As a disillusioned young white man from a poor family, it wasn’t hard for me to find my way into punk spaces. I wore my leather boots, busted jeans, and a t-shirt. And eventually, when my sister brought home her military boyfriend - I even began cropping my hair military style like him. I had unknowingly recreated the skinhead look, and maintained it for years. I thought I looked scary and punk - which I liked, but eventually I started getting shit from older punks. Ultimately I decided I needed to change my hair and went with a more vintage greaser look. For the last years of highschool I carried a comb in my right back pocket - along with a small hanky to wipe the sweat off my forehead (since the grease was hydrophobic). Those hankies were always plain white - in the leather world, a white hankie in the right marks you as a virgin: “I’m new here, be gentle”.

When I transitioned from skinhead to greaser the aesthetic throughline was the boots. Heavy leather boots have been a constant in my life. When I outgrew those vintage combats I switched to ironworker boots (purchased for me by my tradesman father of course) which would lead to much slipping on the ice in my hometown. For a brief time I became fixated on finding the perfect pair of vintage black dress shoes, the kind that are beautifully made but not upper class - something like in the old movies.
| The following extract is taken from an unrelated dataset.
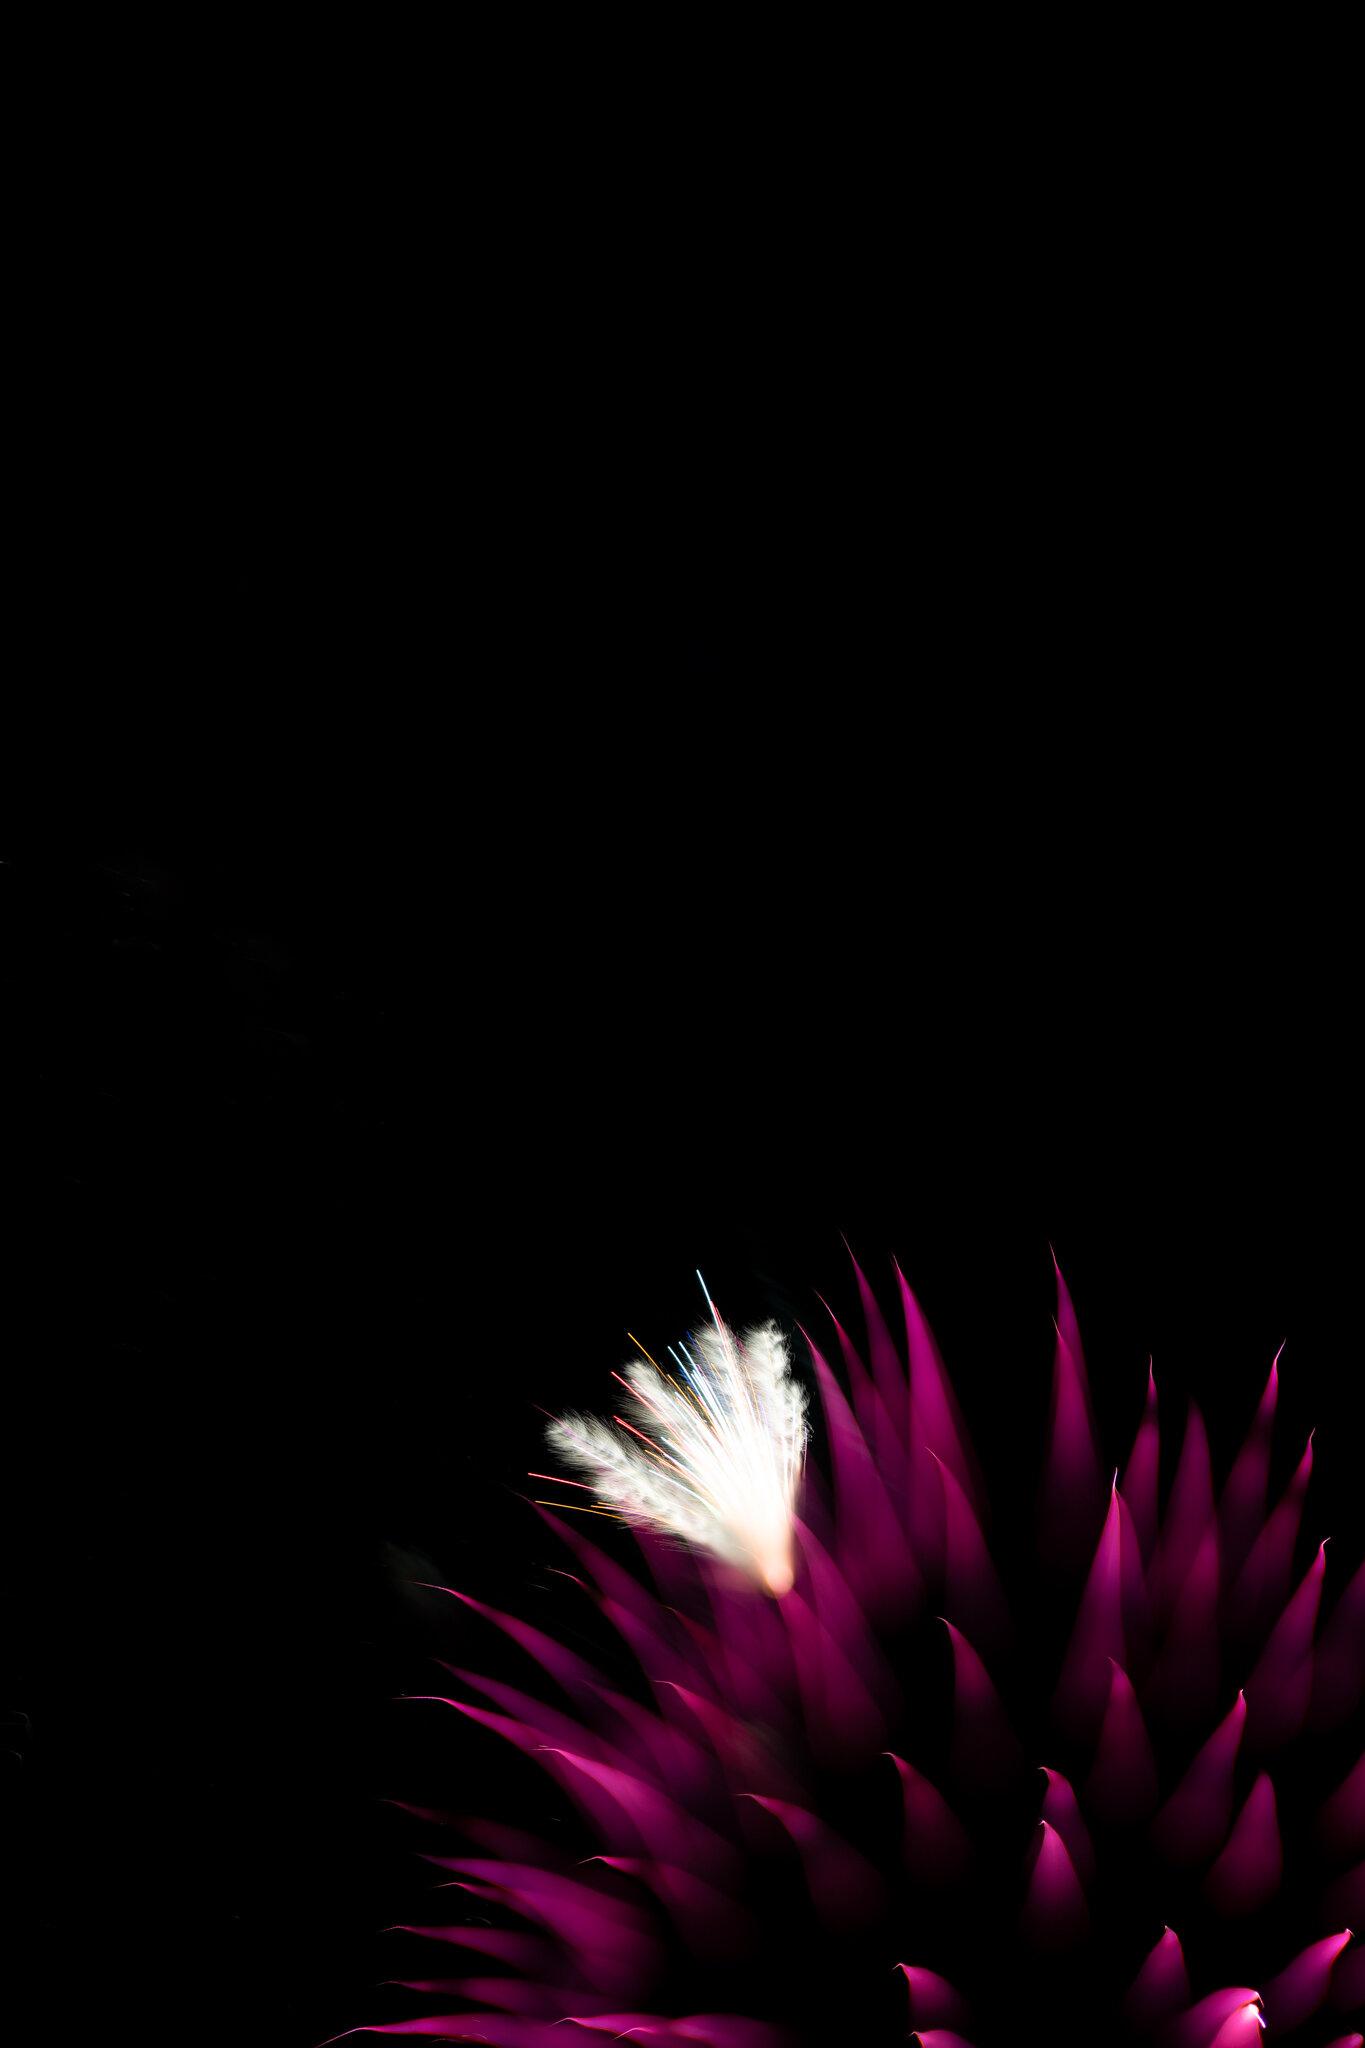 focuspulledfireworks-9.jpg

Once I got more seriously involved in theatre, starting in late highschool and then throughout theatre school and a few years of freelancing, I wore Blundstones religiously - a part of the defacto hipster indie theatre uniform. Leather boots with no laces, just two panels of stiff elastic at each side of the ankle - convenient for quick removal on your way into the studio. I wouldn’t be caught dead in a laceless pair of boots now.

It wasn’t until I quit theatre and came out as non-binary that I finally returned to proper lace-up calf-length leather boots. I got a pair of docs hand-me-down from my one and only gay friend and I wore those things into the ground. A few years later when I met my now ex-husband I found an oversized, nearly-destroyed black biker jacket at a vintage store. I wore it on our second date to impress him.
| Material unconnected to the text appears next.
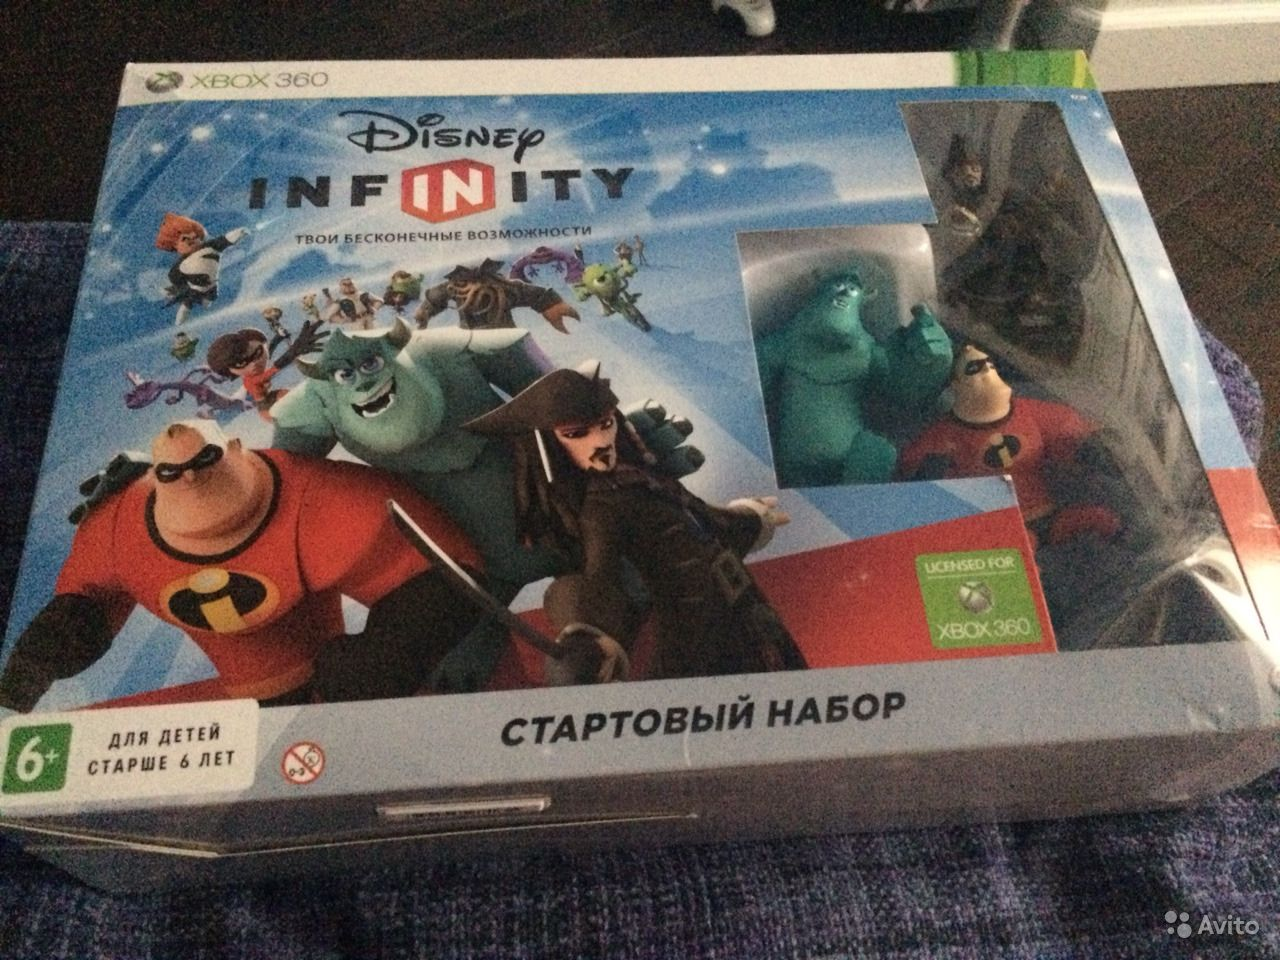 disney infinity xbox 360 - HD1280×960

That totally busted leather jacket came with me when I moved to the Bay with him. But once I arrived, I decided I was a high femme tranny like all the girls at the club (and on instagram) so I stopped wearing it. Opting for faux-fur and brightly coloured shawls instead. I ended up giving that jacket to a drag freak in the Soma scene and it subsequently made many appearances on stage across the city.

I had been playing boy/girl with my husband for years as we both transitioned. My femininity could validate his newfound masculinity, and vice-versa. Ultimately our little game of playing house came to its logical conclusion when he became enraged with jealousy about my new friends after I started grad school and punished me by driving his fist into my temple as hard as he could as many times as he could. I went to my wedding with bruises in my hairline. We’d been married already for legal reasons, and I couldn’t leave him because then I’d get deported. And besides, our families were coming and his parents had already paid for everything. I wore white patent leather pumps (Pleasers, if you’re in the know) for the ceremony and by the time we said “I do” my feet hurt so bad I forgot all about my head. I drank so much that night I blacked out.

Of course, it took until my divorce to realize I was, indeed, a butch dyke. In the aftermath of my divorce I entirely remade myself, my husband had destroyed my sense of self and I was building a new identity from the ground up. I met some other dykes who were just as fucked up as I was, and just as perverted. They were leatherdykes. I fell madly in love with one of them. And one day while wandering around Oakland, far from the locales of my abusive marriage, I stepped into a vintage shop and found the perfect leatherdyke jacket, just like the one Leslie Feinberg talks about in Stone Butch Blues. It fit exactly right, I looked so hot. I had $12 in my account. My girlfriend’s ex-girlfriend (who, in classic dyke fashion, is one of our dear friends) told me later that day “if you go back again and they still have it, I’ll buy it for you. It’s too good”.

When I returned a few days later, it was waiting for me. Black, leather, sexy, and perfect.